What is required
Pictures stay out of the copy, which must hold exactly the lines from the one containing "Sơ kết công" through the end of the material below.

Given information
^^^^^^^^^^^^^^^^
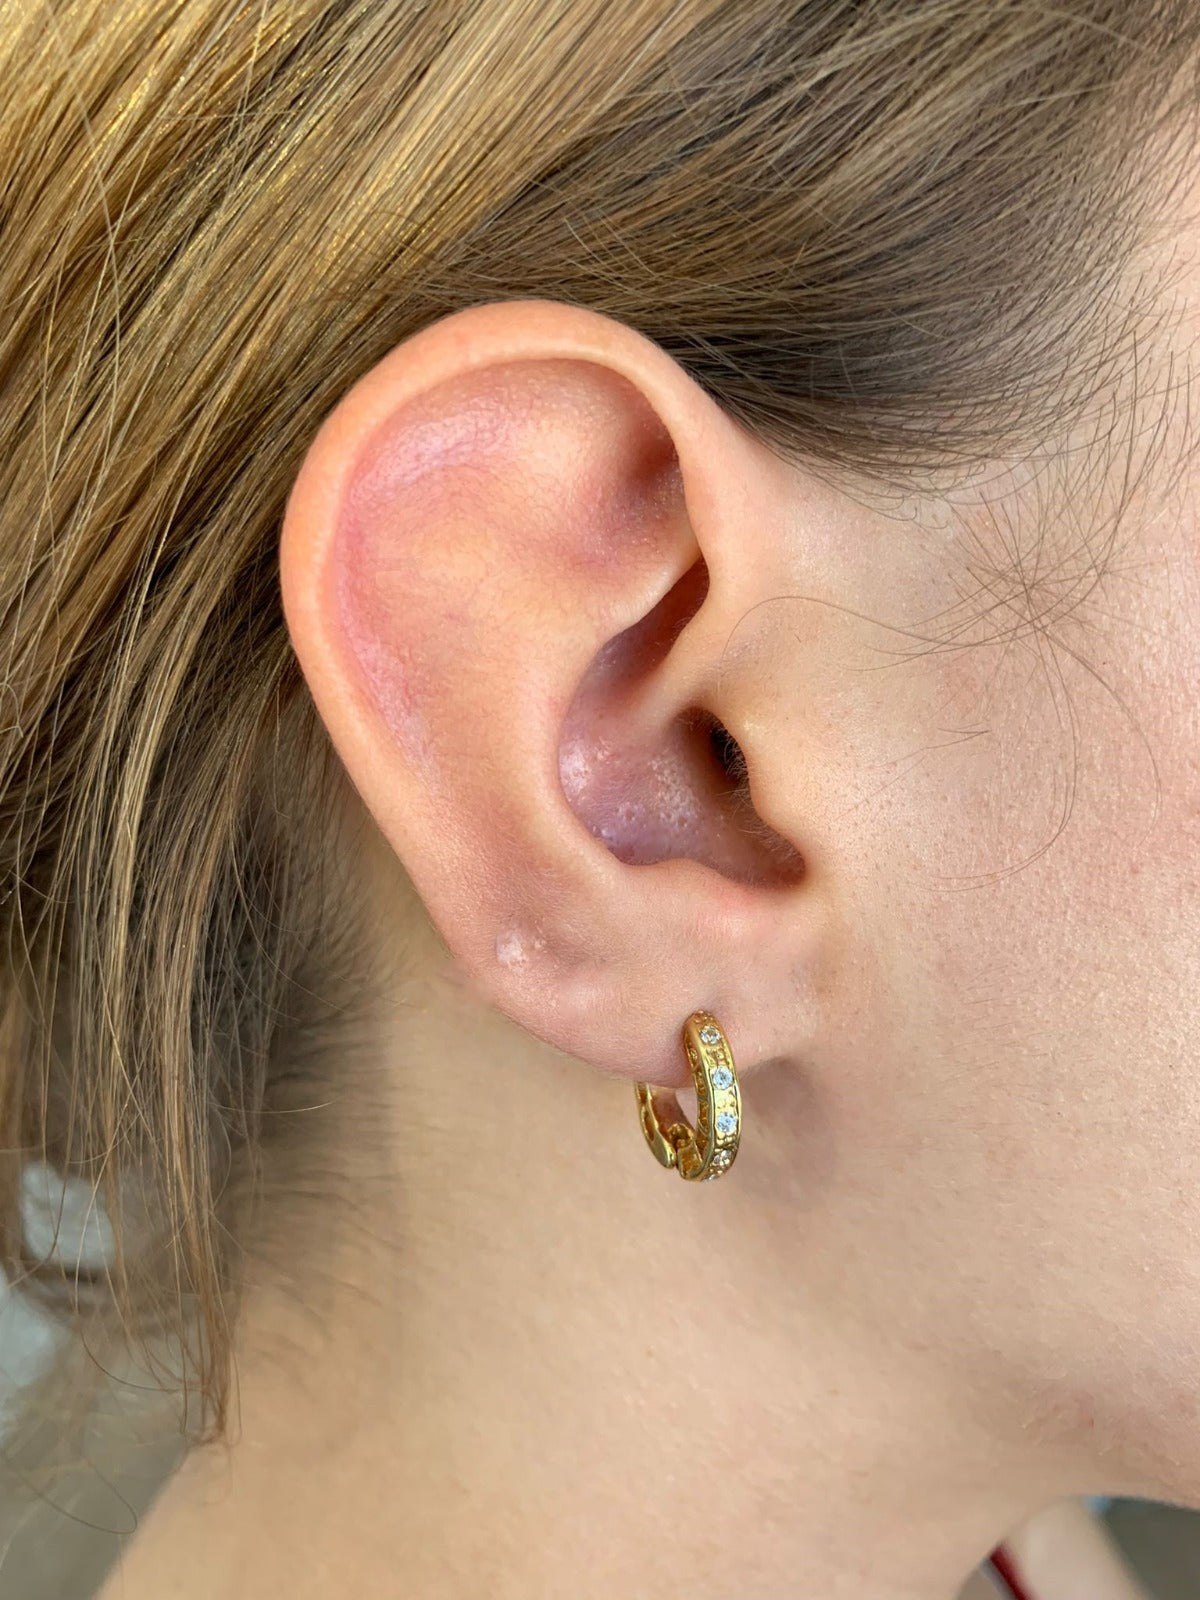 Berlin earring
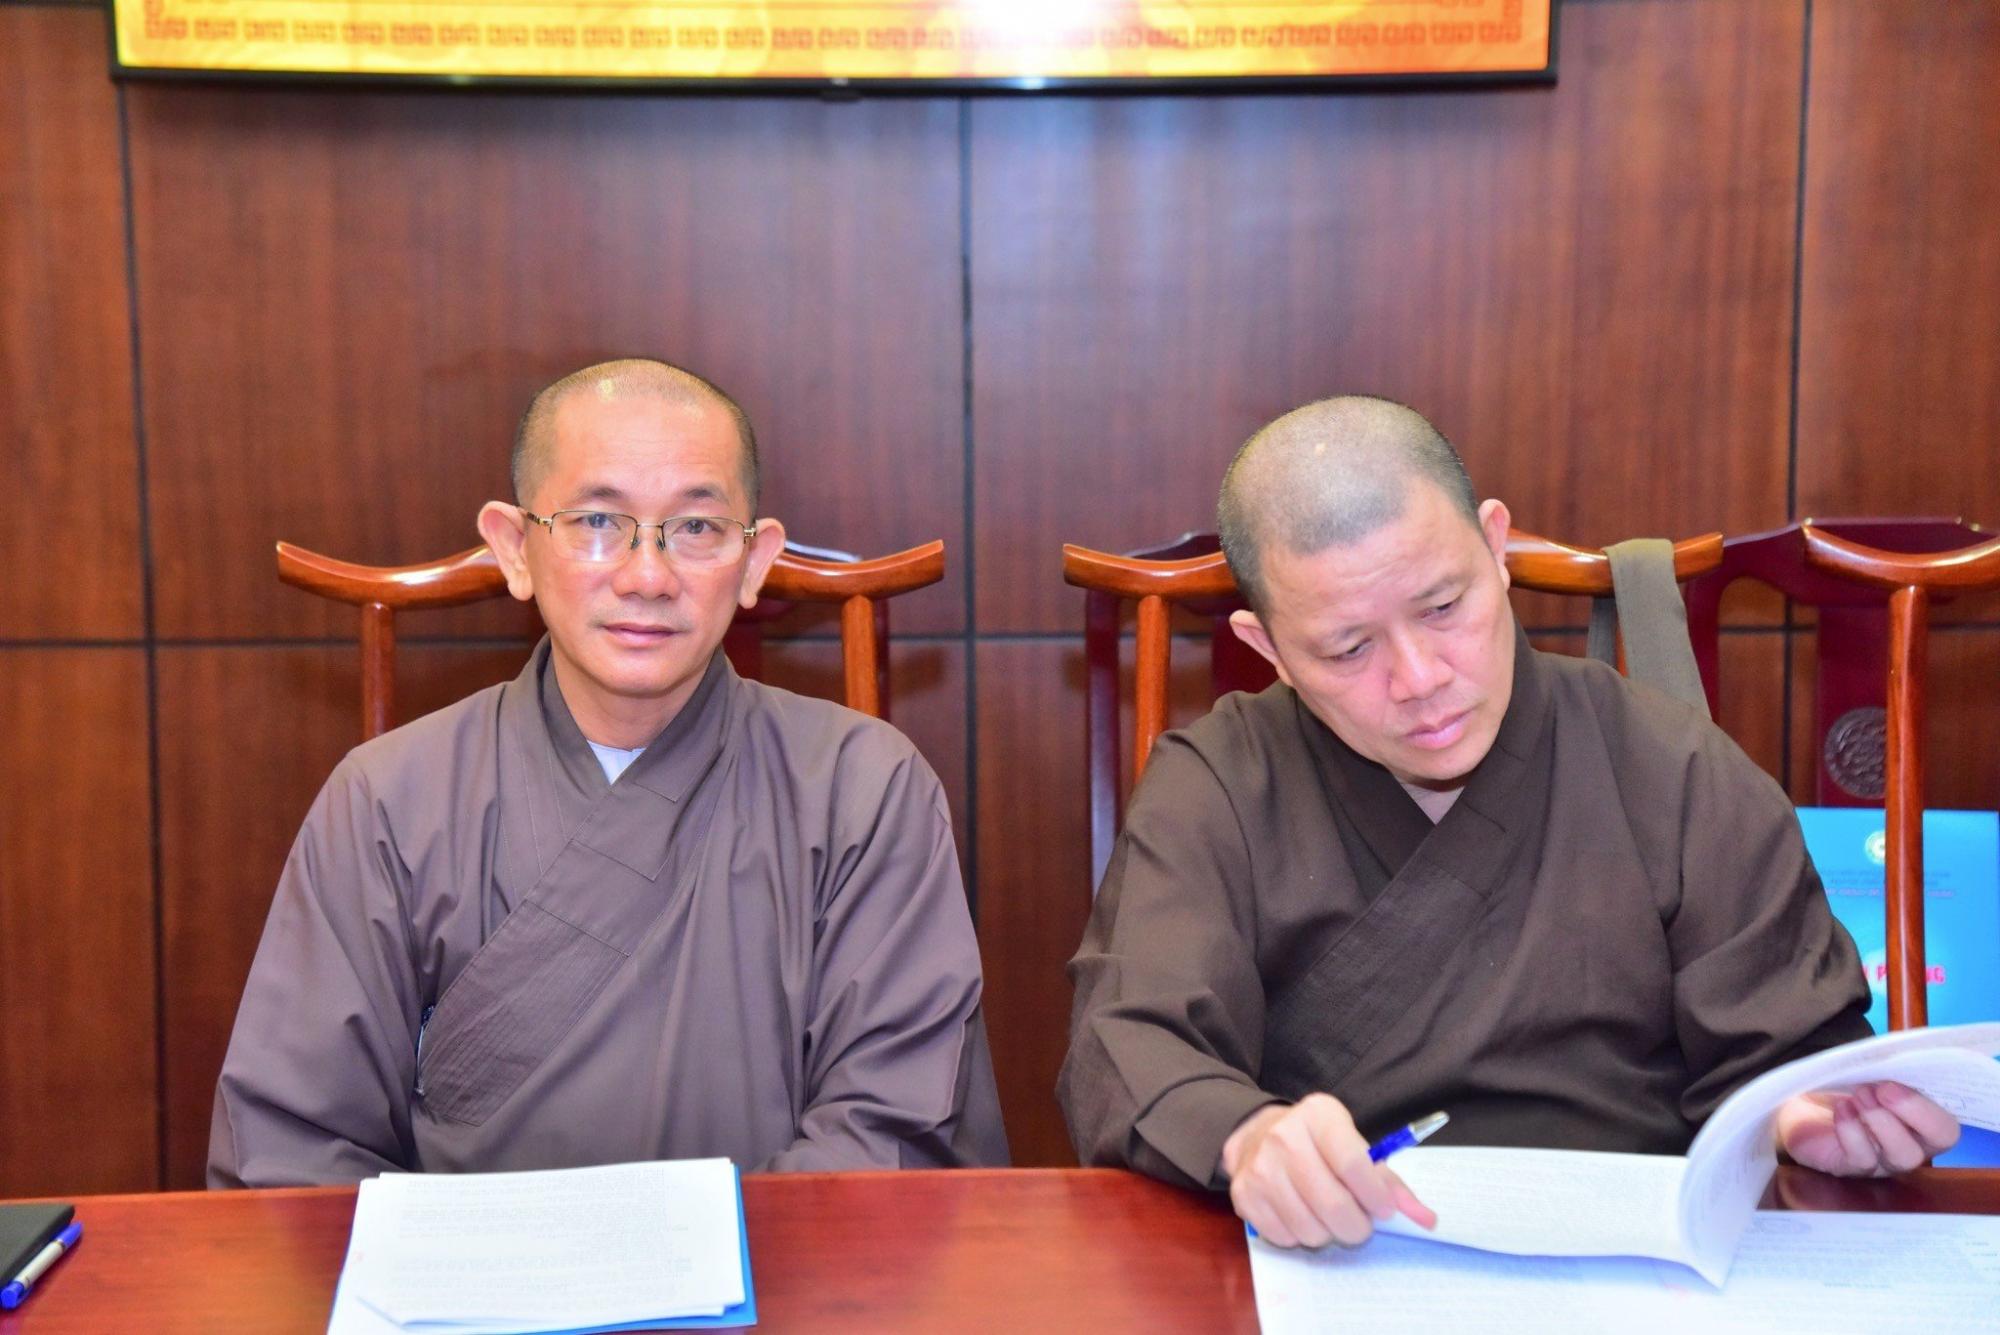 Sơ kết công tác Phật sự 06 tháng đầu năm 2023 của Ban Giáo dục Phật giáo TP.HCM 
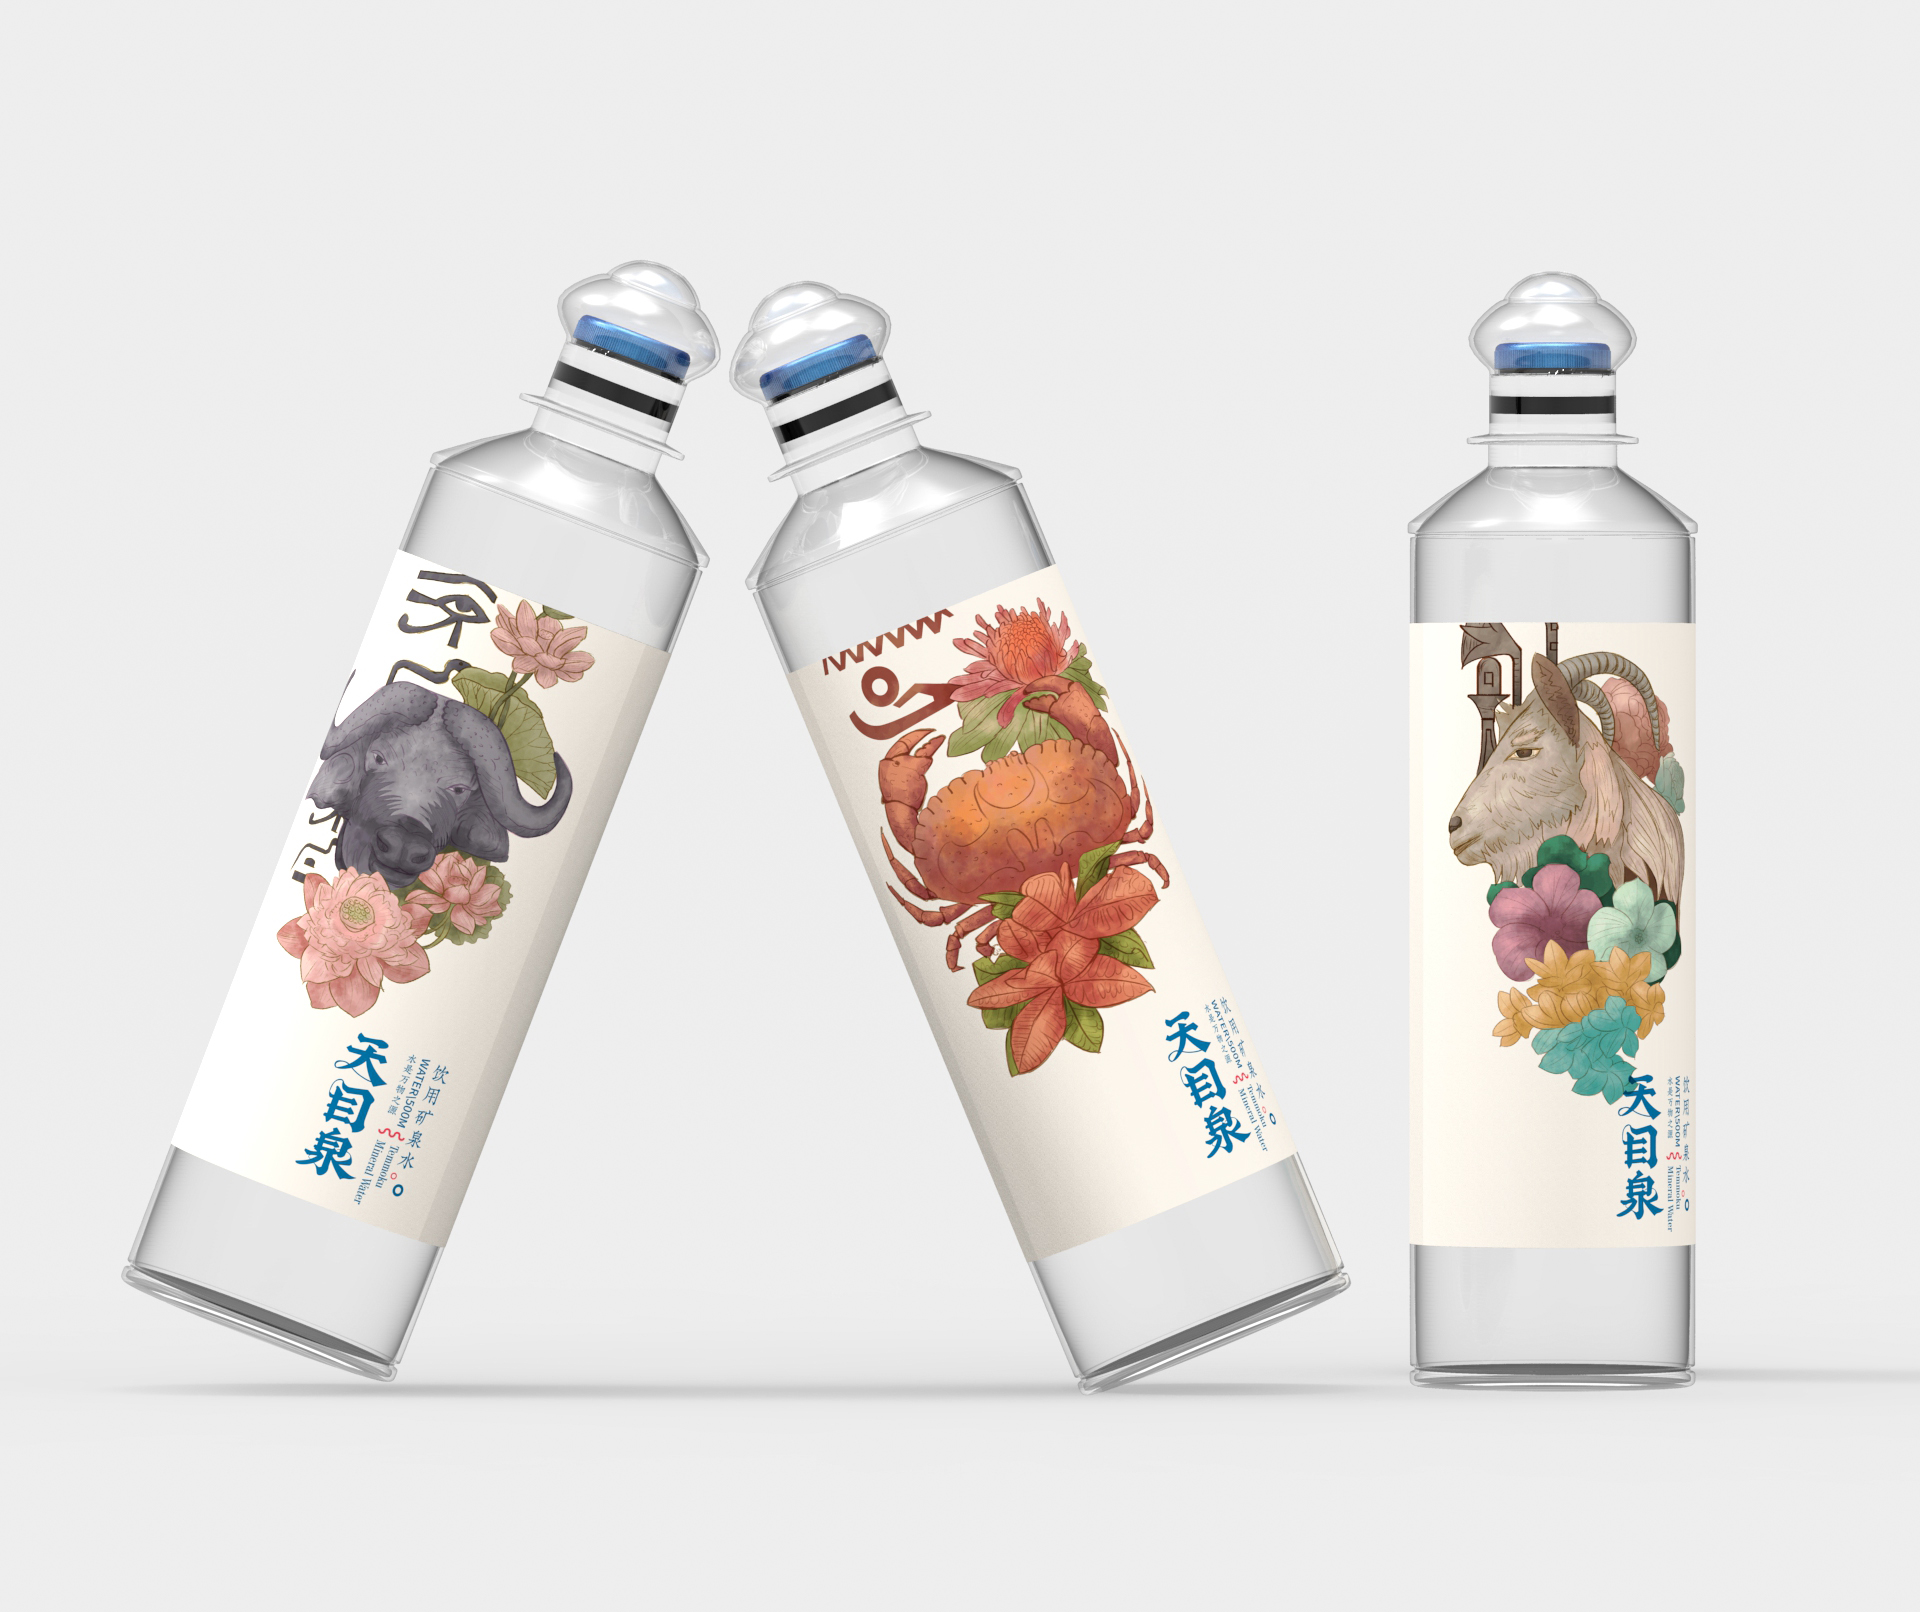 天目泉/饮用天然矿泉水/包装形象设计平面设计
^^^^^^^^^^^^^^^^
Task output
 Sơ kết công tác Phật sự 06 tháng đầu năm 2023 của Ban Giáo dục Phật giáo TP.HCM 
 天目泉/饮用天然矿泉水/包装形象设计平面设计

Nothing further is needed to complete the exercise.